We all learn Stairway to Heaven at some point, usually relatively early in our guitar playing journey. Once learned it is rare that we are ever called to play it in any real-time band situation. We play it; usually tossing off the intro on random occasions, at parties, while trying out guitars, playing for girls, or when our younger cousin or nephew comes over to visit. It becomes one of those songs. We’ve all got a few of them in our back pocket so-to-speak. Over time our true knowledge of the details and nuances of Stairway fade and it becomes that song we used to be able to play, but we never forget that intro – that’s always the money.
It had ben 30 years (almost 35) since I had last played Stairway with a band so I certainly fell into the category of “used to be able to play Stairway” when I decided to record a cover version at the command of my wife. Like the rest of you I knew I could still nail the intro though. I’d been doing that nearly my whole life.
Having set up the grid and time matrix for the Original Stairway Project it was time to sit down and record some scratch tracks to start fleshing out the arrangement. I set up the mics, got the click ready to go, readied myself to play the intro, then hit record. I got about 3 bars into the song and it all fell apart.Take two: 3 bars in going into the 4th and it all fell apart. Take 3: about 3 bars in and it all fell apart again…. Take 10: same result. Something was seriously wrong with my time somewhere in the 3rd measure. “Maybe it was the click?” I never trusted the click within the DAW anyway so I cued up my old college metronome to simultaneously run with the DAW’s click. On a test run they were both dead on accurate to each other. “Could it be me?” I started playing and again crashed into some imaginary wall somewhere in the 3rd measure. My whole world started falling in on me. “Had my musical abilities crumbled so much since my accident in the early 90’s that I couldn’t even play Stairway to a simple click track?”

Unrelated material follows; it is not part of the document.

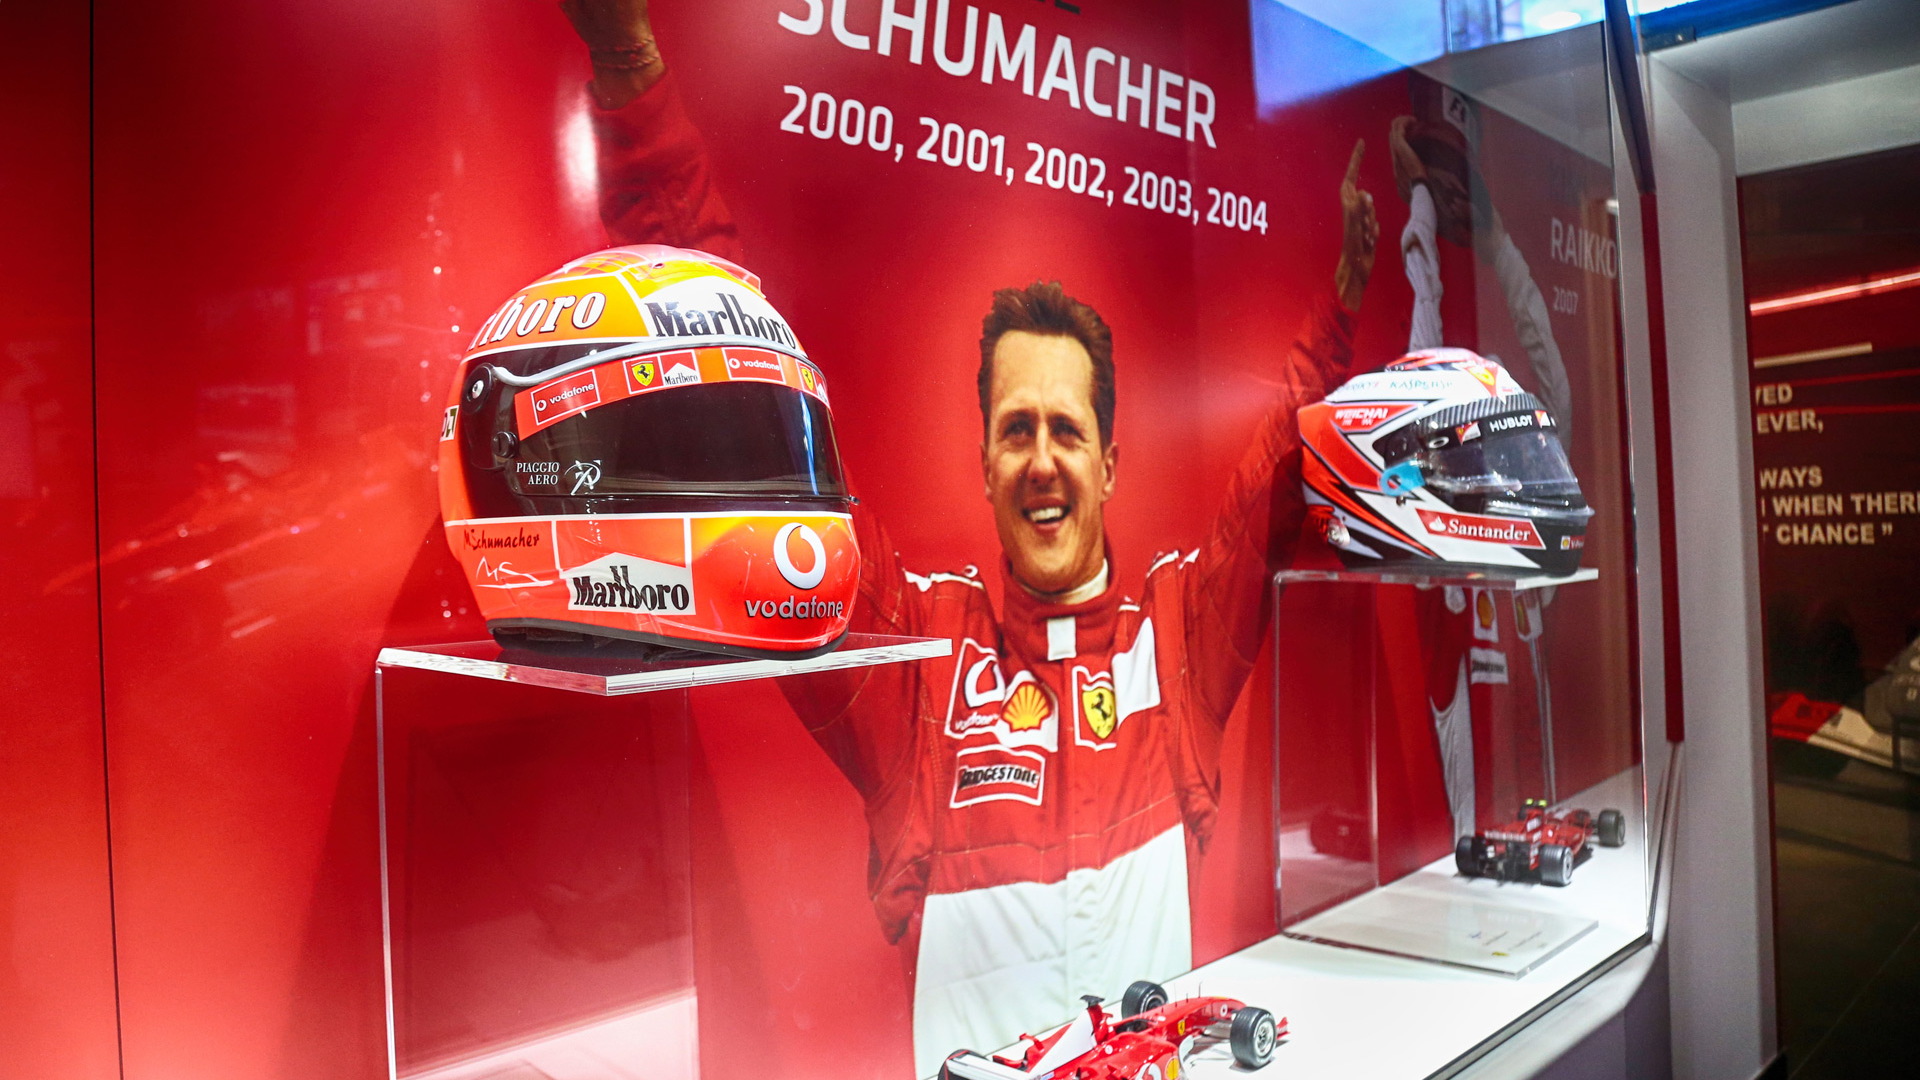 Michael 50 - Michael Schumacher exhibition at the Ferrari Museum

I looked at the sheet music:
I counted it out and quickly found where I was blowing it. The 4th note of the 3rd bar falls on the & of 2 and gets held to the 3 before the release. I seemed to be holding it at least an extra half beat – maybe even longer, and was coming into the 4th bar way too late.
I played it alone while I counted it out and sure enough I had to force myself to come back from the tied note to play the & 4 & pickup before the 4th measure. The correct way suddenly felt very rushed to me.
Then it dawned on me. All these years of whipping off the intro at gatherings, in quiet moments, or for friends, I had been playing a dramatic caesura (a musical pause) there for effect. I had done this so often that when the guitar was in my hands it became my natural inclination. I almost couldn’t NOT do it. Yet here I was faced with playing locked to the time grid of the DAW the merciless demands of time that has become typical in today’s modern recording. The old adage
Time Waits For No Man
was suddenly very applicable here.
I knew then that even if I could get my hands to a physical state where I could play, I was going to have to do some serious ‘unlearning’ before I could hope to lay any tracks down. The project was big enough already. How do you unlearn a lifetime of casually playing Stairway? The answer ended up by being one note at a time, but that’s another article. If there’s a takeaway here for everyone it’s that idiosyncratic things can creep into your playing of Stairway over the years and you might not even be aware of them.